### Data extract

○ ○ ○ ○

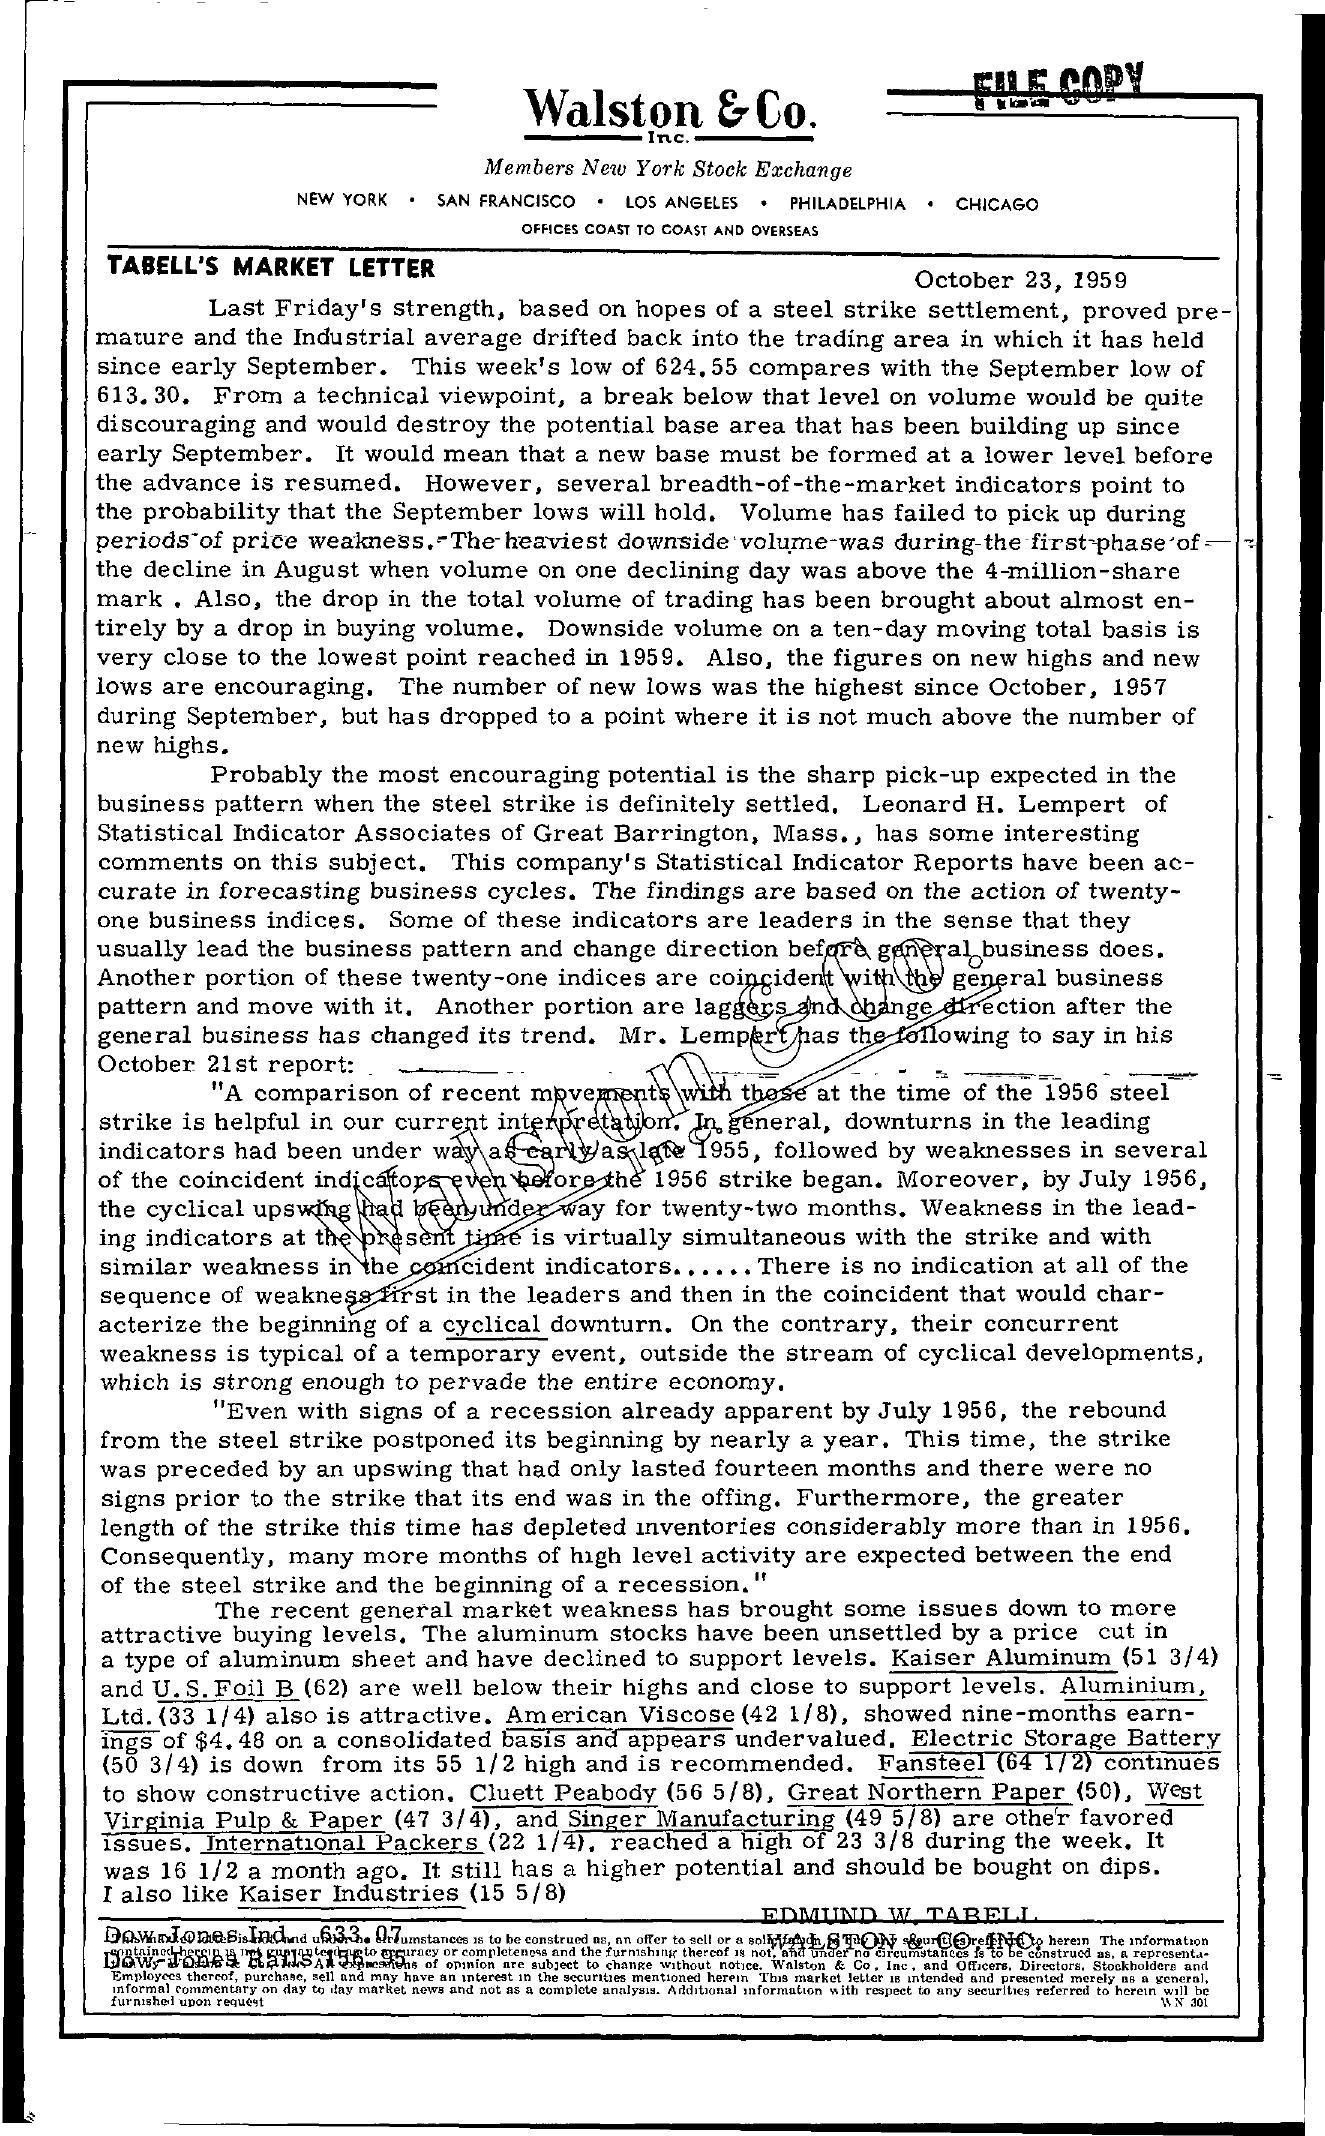 Tabell's Market Letter - October 23, 1959
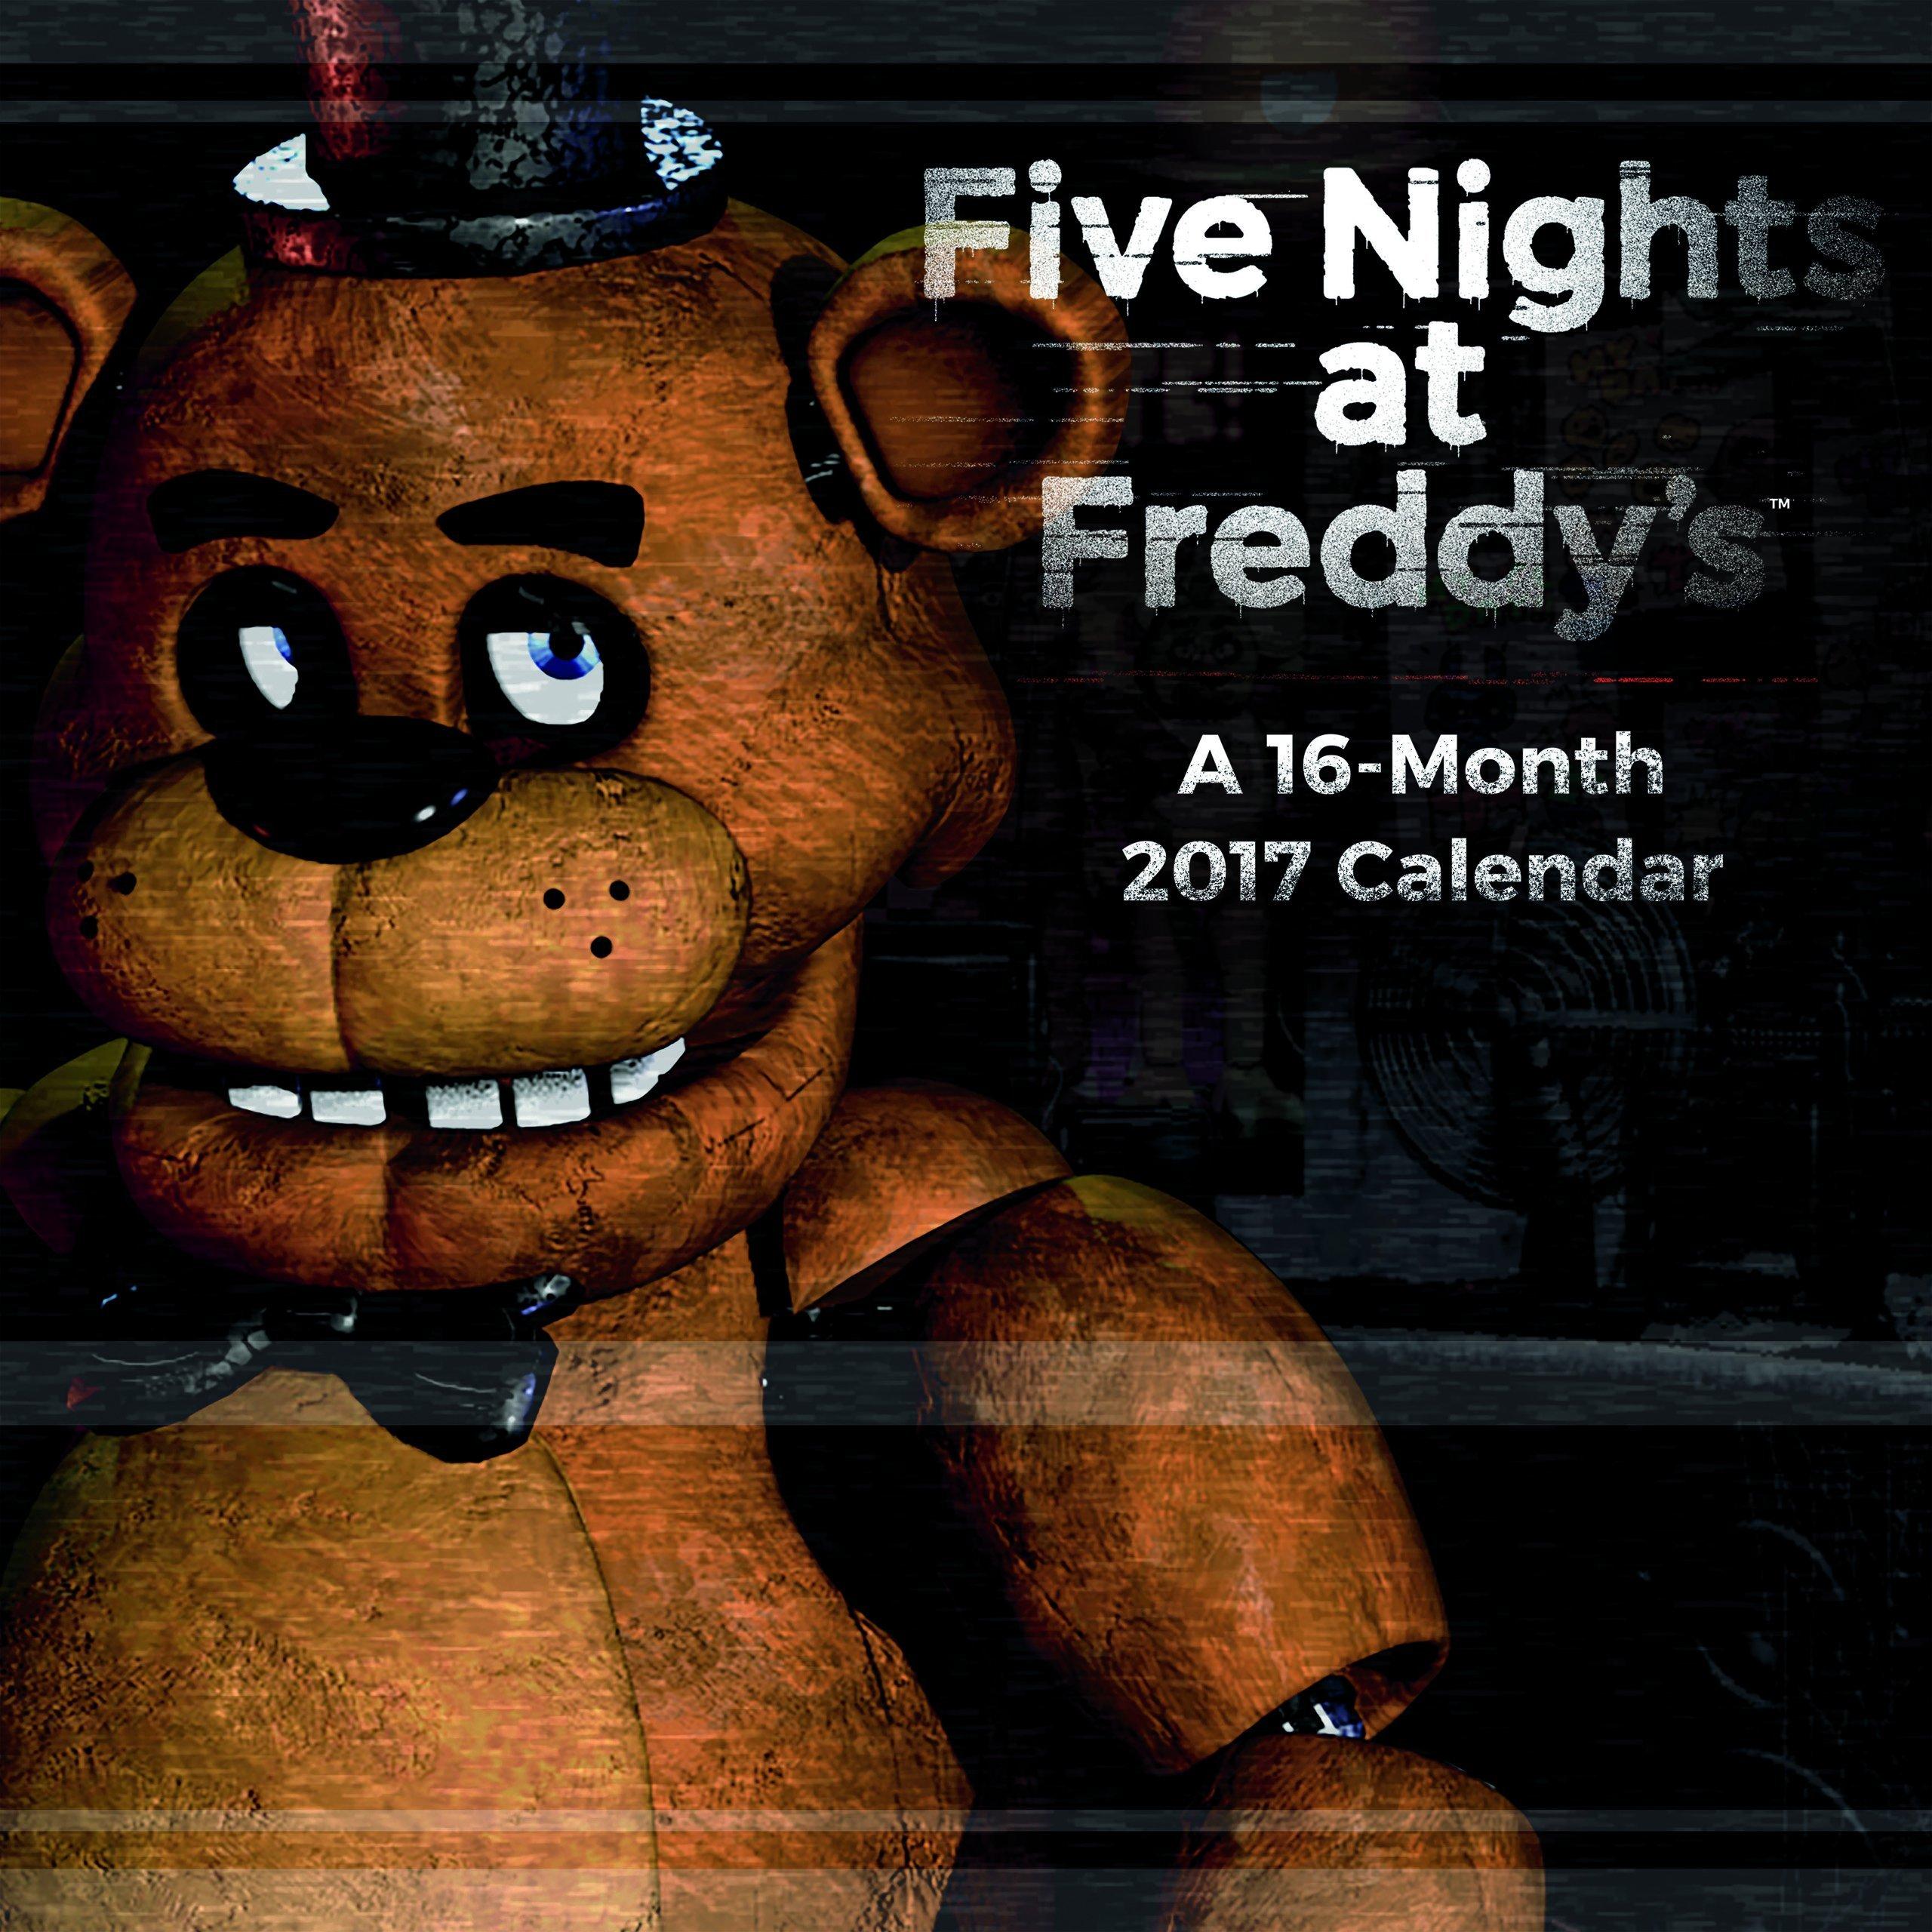 trends international 2017 wall calendar september 2016 december 2017 115 x 115 american horror story
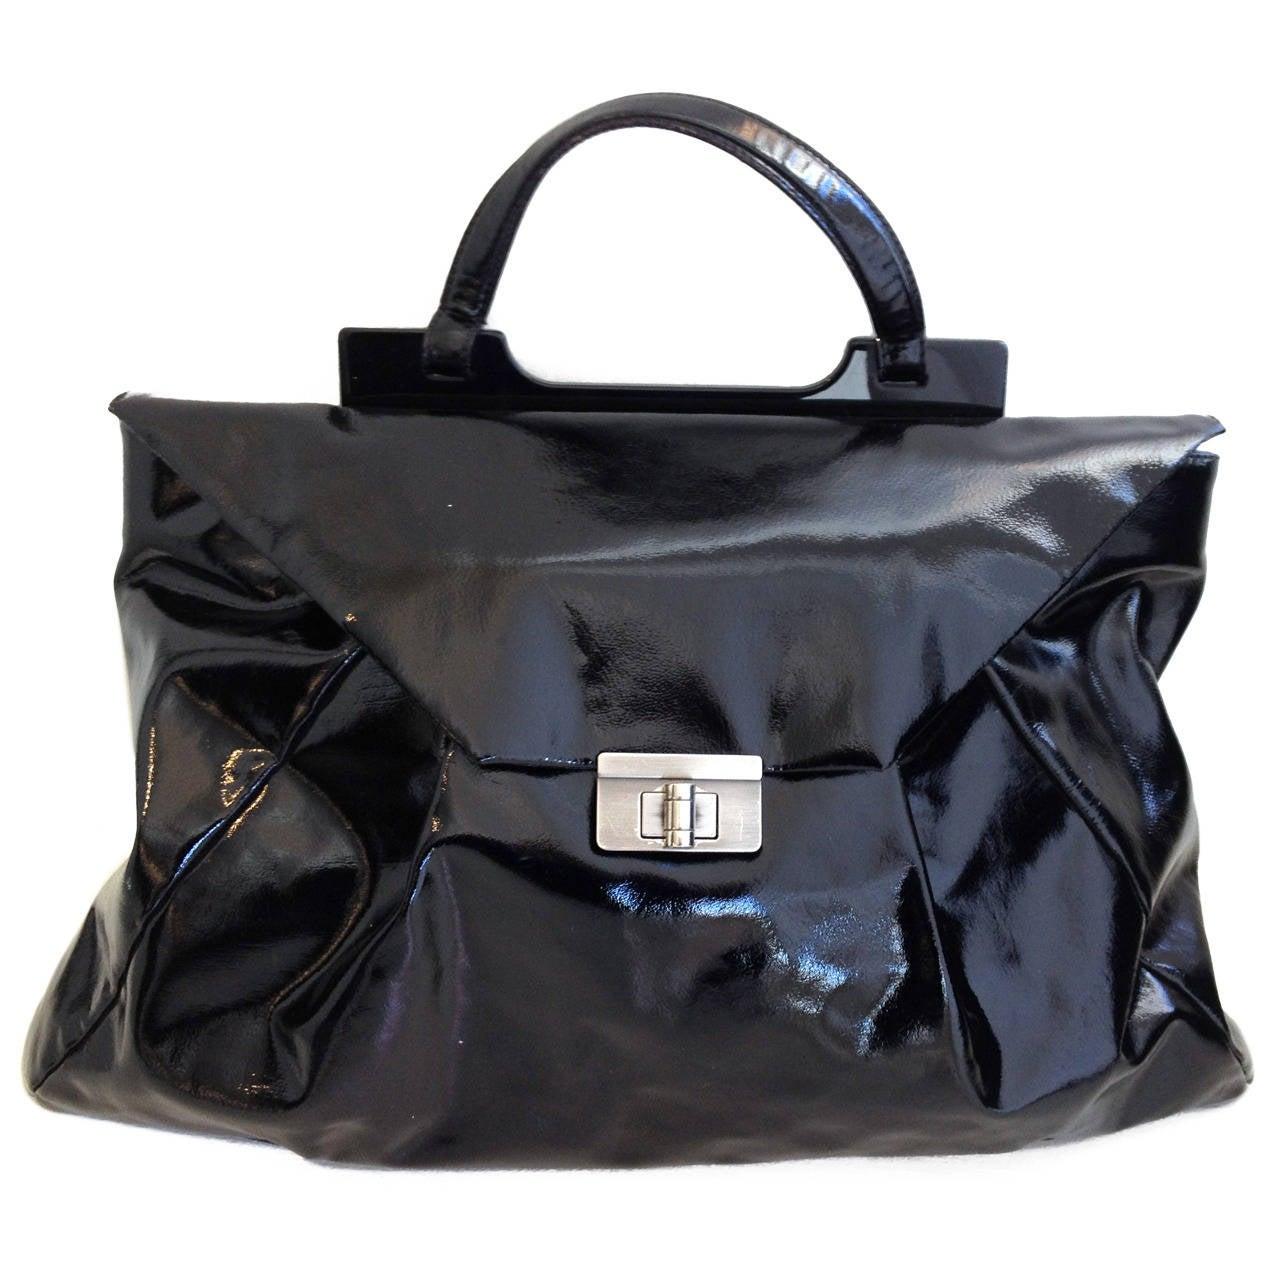 445a550550 Marni Black Patent Leather Envelope Bag at 1stdibs

○ ○ ○ ○

### Exercise aim
In the copy, include exactly the lines from the one with "trends international 2017" through the final line of the data, both ends included, and no pictures.

### Task output
 trends international 2017 wall calendar september 2016 december 2017 115 x 115 american horror story
 445a550550 Marni Black Patent Leather Envelope Bag at 1stdibs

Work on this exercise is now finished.